* _EXERCISE DETAILS_:
Write out the listing again, exactly as it appears below.

* _DATA LISTING_:
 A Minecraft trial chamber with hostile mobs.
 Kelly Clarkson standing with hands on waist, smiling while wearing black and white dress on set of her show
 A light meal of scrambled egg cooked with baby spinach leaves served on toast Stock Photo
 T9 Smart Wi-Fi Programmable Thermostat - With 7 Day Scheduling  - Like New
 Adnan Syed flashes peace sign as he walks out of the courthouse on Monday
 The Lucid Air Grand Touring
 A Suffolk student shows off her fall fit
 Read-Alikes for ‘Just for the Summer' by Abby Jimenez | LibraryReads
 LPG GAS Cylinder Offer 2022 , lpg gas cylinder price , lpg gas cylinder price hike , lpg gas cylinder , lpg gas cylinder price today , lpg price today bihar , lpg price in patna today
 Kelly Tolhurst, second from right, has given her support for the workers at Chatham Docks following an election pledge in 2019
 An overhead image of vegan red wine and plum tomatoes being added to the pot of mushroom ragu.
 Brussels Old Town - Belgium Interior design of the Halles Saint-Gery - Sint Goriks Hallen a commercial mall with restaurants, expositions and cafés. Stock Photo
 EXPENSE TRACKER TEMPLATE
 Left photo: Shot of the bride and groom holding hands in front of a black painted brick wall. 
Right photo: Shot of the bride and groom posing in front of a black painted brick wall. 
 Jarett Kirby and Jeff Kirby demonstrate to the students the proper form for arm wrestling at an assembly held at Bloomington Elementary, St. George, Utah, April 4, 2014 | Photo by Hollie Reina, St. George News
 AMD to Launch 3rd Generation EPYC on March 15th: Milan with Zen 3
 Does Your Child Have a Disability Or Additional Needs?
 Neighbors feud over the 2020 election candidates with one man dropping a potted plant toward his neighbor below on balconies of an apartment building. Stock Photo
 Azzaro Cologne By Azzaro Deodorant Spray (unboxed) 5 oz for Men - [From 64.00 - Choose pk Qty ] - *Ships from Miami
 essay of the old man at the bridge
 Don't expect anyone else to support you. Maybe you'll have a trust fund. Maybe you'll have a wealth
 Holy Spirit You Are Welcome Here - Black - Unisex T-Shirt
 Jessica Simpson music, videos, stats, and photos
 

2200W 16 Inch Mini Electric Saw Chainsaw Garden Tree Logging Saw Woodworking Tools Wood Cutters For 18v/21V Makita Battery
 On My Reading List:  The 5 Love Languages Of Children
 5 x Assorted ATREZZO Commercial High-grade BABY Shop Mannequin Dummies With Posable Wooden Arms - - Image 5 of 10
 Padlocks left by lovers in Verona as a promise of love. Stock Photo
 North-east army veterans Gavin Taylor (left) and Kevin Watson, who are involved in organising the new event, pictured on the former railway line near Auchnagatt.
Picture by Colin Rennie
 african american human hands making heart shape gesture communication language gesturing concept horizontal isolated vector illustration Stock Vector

* _EXPECTED OUTPUT_:
 A Minecraft trial chamber with hostile mobs.
 Kelly Clarkson standing with hands on waist, smiling while wearing black and white dress on set of her show
 A light meal of scrambled egg cooked with baby spinach leaves served on toast Stock Photo
 T9 Smart Wi-Fi Programmable Thermostat - With 7 Day Scheduling  - Like New
 Adnan Syed flashes peace sign as he walks out of the courthouse on Monday
 The Lucid Air Grand Touring
 A Suffolk student shows off her fall fit
 Read-Alikes for ‘Just for the Summer' by Abby Jimenez | LibraryReads
 LPG GAS Cylinder Offer 2022 , lpg gas cylinder price , lpg gas cylinder price hike , lpg gas cylinder , lpg gas cylinder price today , lpg price today bihar , lpg price in patna today
 Kelly Tolhurst, second from right, has given her support for the workers at Chatham Docks following an election pledge in 2019
 An overhead image of vegan red wine and plum tomatoes being added to the pot of mushroom ragu.
 Brussels Old Town - Belgium Interior design of the Halles Saint-Gery - Sint Goriks Hallen a commercial mall with restaurants, expositions and cafés. Stock Photo
 EXPENSE TRACKER TEMPLATE
 Left photo: Shot of the bride and groom holding hands in front of a black painted brick wall. 
Right photo: Shot of the bride and groom posing in front of a black painted brick wall. 
 Jarett Kirby and Jeff Kirby demonstrate to the students the proper form for arm wrestling at an assembly held at Bloomington Elementary, St. George, Utah, April 4, 2014 | Photo by Hollie Reina, St. George News
 AMD to Launch 3rd Generation EPYC on March 15th: Milan with Zen 3
 Does Your Child Have a Disability Or Additional Needs?
 Neighbors feud over the 2020 election candidates with one man dropping a potted plant toward his neighbor below on balconies of an apartment building. Stock Photo
 Azzaro Cologne By Azzaro Deodorant Spray (unboxed) 5 oz for Men - [From 64.00 - Choose pk Qty ] - *Ships from Miami
 essay of the old man at the bridge
 Don't expect anyone else to support you. Maybe you'll have a trust fund. Maybe you'll have a wealth
 Holy Spirit You Are Welcome Here - Black - Unisex T-Shirt
 Jessica Simpson music, videos, stats, and photos
 

2200W 16 Inch Mini Electric Saw Chainsaw Garden Tree Logging Saw Woodworking Tools Wood Cutters For 18v/21V Makita Battery
 On My Reading List:  The 5 Love Languages Of Children
 5 x Assorted ATREZZO Commercial High-grade BABY Shop Mannequin Dummies With Posable Wooden Arms - - Image 5 of 10
 Padlocks left by lovers in Verona as a promise of love. Stock Photo
 North-east army veterans Gavin Taylor (left) and Kevin Watson, who are involved in organising the new event, pictured on the former railway line near Auchnagatt.
Picture by Colin Rennie
 african american human hands making heart shape gesture communication language gesturing concept horizontal isolated vector illustration Stock Vector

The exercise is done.